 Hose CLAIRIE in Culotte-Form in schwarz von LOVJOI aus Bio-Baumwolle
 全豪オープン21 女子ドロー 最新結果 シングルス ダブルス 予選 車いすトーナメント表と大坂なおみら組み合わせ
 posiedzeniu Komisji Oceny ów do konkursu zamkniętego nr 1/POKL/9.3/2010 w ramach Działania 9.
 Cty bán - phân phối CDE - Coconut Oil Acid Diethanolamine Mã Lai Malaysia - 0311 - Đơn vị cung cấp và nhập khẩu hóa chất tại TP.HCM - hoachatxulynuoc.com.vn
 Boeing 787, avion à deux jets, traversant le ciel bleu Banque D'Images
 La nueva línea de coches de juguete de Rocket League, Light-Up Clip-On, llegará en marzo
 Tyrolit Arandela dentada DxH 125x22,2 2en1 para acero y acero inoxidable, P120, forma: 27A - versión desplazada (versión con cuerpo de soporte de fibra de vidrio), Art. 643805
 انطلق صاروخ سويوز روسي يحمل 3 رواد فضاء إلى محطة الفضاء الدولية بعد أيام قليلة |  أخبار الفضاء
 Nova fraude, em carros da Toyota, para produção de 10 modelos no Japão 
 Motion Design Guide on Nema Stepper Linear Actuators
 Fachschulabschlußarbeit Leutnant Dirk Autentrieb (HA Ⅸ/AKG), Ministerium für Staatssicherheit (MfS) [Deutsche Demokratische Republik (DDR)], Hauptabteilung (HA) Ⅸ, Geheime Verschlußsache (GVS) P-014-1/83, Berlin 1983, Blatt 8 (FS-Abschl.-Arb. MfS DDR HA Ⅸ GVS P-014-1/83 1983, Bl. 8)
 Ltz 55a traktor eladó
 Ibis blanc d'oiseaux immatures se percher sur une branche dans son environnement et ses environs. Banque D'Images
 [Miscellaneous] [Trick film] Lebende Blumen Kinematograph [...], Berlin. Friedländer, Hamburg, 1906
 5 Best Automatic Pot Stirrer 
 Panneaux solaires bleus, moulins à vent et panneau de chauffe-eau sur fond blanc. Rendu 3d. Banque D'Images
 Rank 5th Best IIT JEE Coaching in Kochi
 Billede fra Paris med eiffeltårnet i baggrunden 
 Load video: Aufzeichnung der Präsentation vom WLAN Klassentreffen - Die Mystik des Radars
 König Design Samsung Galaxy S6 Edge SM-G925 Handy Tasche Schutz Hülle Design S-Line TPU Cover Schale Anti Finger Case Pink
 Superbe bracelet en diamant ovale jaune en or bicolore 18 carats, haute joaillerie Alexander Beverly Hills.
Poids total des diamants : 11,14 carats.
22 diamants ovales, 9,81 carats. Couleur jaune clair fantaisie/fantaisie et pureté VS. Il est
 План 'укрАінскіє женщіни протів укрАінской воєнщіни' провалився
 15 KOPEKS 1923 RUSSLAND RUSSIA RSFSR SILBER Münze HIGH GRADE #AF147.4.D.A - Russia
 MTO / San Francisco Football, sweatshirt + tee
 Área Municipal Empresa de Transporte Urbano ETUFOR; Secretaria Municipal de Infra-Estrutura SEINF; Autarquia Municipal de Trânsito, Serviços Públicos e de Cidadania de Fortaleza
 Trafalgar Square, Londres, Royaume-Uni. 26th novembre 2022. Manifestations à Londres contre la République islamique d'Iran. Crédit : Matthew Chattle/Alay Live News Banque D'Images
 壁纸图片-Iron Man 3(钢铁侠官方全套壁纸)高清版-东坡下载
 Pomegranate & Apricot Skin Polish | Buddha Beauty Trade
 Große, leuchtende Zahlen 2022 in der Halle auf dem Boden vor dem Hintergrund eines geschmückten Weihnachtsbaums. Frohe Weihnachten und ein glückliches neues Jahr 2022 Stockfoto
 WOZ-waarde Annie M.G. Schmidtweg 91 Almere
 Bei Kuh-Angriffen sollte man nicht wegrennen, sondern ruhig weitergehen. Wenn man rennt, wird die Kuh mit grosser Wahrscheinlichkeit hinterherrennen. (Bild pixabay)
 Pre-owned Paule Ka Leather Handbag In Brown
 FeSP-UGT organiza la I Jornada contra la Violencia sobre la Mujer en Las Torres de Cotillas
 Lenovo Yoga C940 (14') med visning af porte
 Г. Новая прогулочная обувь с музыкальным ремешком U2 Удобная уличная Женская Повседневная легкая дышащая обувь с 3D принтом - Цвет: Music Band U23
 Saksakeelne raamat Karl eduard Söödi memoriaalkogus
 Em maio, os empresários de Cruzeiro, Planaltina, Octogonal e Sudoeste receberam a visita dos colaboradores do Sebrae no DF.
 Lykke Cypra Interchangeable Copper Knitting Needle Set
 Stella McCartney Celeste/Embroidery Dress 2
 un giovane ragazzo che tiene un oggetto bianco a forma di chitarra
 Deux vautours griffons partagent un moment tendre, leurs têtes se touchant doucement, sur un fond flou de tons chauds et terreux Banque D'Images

:: TASK DESCRIPTION ::
Output the full listing without altering anything.

:: OUTPUT FOR THIS TASK ::
 Hose CLAIRIE in Culotte-Form in schwarz von LOVJOI aus Bio-Baumwolle
 全豪オープン21 女子ドロー 最新結果 シングルス ダブルス 予選 車いすトーナメント表と大坂なおみら組み合わせ
 posiedzeniu Komisji Oceny ów do konkursu zamkniętego nr 1/POKL/9.3/2010 w ramach Działania 9.
 Cty bán - phân phối CDE - Coconut Oil Acid Diethanolamine Mã Lai Malaysia - 0311 - Đơn vị cung cấp và nhập khẩu hóa chất tại TP.HCM - hoachatxulynuoc.com.vn
 Boeing 787, avion à deux jets, traversant le ciel bleu Banque D'Images
 La nueva línea de coches de juguete de Rocket League, Light-Up Clip-On, llegará en marzo
 Tyrolit Arandela dentada DxH 125x22,2 2en1 para acero y acero inoxidable, P120, forma: 27A - versión desplazada (versión con cuerpo de soporte de fibra de vidrio), Art. 643805
 انطلق صاروخ سويوز روسي يحمل 3 رواد فضاء إلى محطة الفضاء الدولية بعد أيام قليلة |  أخبار الفضاء
 Nova fraude, em carros da Toyota, para produção de 10 modelos no Japão 
 Motion Design Guide on Nema Stepper Linear Actuators
 Fachschulabschlußarbeit Leutnant Dirk Autentrieb (HA Ⅸ/AKG), Ministerium für Staatssicherheit (MfS) [Deutsche Demokratische Republik (DDR)], Hauptabteilung (HA) Ⅸ, Geheime Verschlußsache (GVS) P-014-1/83, Berlin 1983, Blatt 8 (FS-Abschl.-Arb. MfS DDR HA Ⅸ GVS P-014-1/83 1983, Bl. 8)
 Ltz 55a traktor eladó
 Ibis blanc d'oiseaux immatures se percher sur une branche dans son environnement et ses environs. Banque D'Images
 [Miscellaneous] [Trick film] Lebende Blumen Kinematograph [...], Berlin. Friedländer, Hamburg, 1906
 5 Best Automatic Pot Stirrer 
 Panneaux solaires bleus, moulins à vent et panneau de chauffe-eau sur fond blanc. Rendu 3d. Banque D'Images
 Rank 5th Best IIT JEE Coaching in Kochi
 Billede fra Paris med eiffeltårnet i baggrunden 
 Load video: Aufzeichnung der Präsentation vom WLAN Klassentreffen - Die Mystik des Radars
 König Design Samsung Galaxy S6 Edge SM-G925 Handy Tasche Schutz Hülle Design S-Line TPU Cover Schale Anti Finger Case Pink
 Superbe bracelet en diamant ovale jaune en or bicolore 18 carats, haute joaillerie Alexander Beverly Hills.
Poids total des diamants : 11,14 carats.
22 diamants ovales, 9,81 carats. Couleur jaune clair fantaisie/fantaisie et pureté VS. Il est
 План 'укрАінскіє женщіни протів укрАінской воєнщіни' провалився
 15 KOPEKS 1923 RUSSLAND RUSSIA RSFSR SILBER Münze HIGH GRADE #AF147.4.D.A - Russia
 MTO / San Francisco Football, sweatshirt + tee
 Área Municipal Empresa de Transporte Urbano ETUFOR; Secretaria Municipal de Infra-Estrutura SEINF; Autarquia Municipal de Trânsito, Serviços Públicos e de Cidadania de Fortaleza
 Trafalgar Square, Londres, Royaume-Uni. 26th novembre 2022. Manifestations à Londres contre la République islamique d'Iran. Crédit : Matthew Chattle/Alay Live News Banque D'Images
 壁纸图片-Iron Man 3(钢铁侠官方全套壁纸)高清版-东坡下载
 Pomegranate & Apricot Skin Polish | Buddha Beauty Trade
 Große, leuchtende Zahlen 2022 in der Halle auf dem Boden vor dem Hintergrund eines geschmückten Weihnachtsbaums. Frohe Weihnachten und ein glückliches neues Jahr 2022 Stockfoto
 WOZ-waarde Annie M.G. Schmidtweg 91 Almere
 Bei Kuh-Angriffen sollte man nicht wegrennen, sondern ruhig weitergehen. Wenn man rennt, wird die Kuh mit grosser Wahrscheinlichkeit hinterherrennen. (Bild pixabay)
 Pre-owned Paule Ka Leather Handbag In Brown
 FeSP-UGT organiza la I Jornada contra la Violencia sobre la Mujer en Las Torres de Cotillas
 Lenovo Yoga C940 (14') med visning af porte
 Г. Новая прогулочная обувь с музыкальным ремешком U2 Удобная уличная Женская Повседневная легкая дышащая обувь с 3D принтом - Цвет: Music Band U23
 Saksakeelne raamat Karl eduard Söödi memoriaalkogus
 Em maio, os empresários de Cruzeiro, Planaltina, Octogonal e Sudoeste receberam a visita dos colaboradores do Sebrae no DF.
 Lykke Cypra Interchangeable Copper Knitting Needle Set
 Stella McCartney Celeste/Embroidery Dress 2
 un giovane ragazzo che tiene un oggetto bianco a forma di chitarra
 Deux vautours griffons partagent un moment tendre, leurs têtes se touchant doucement, sur un fond flou de tons chauds et terreux Banque D'Images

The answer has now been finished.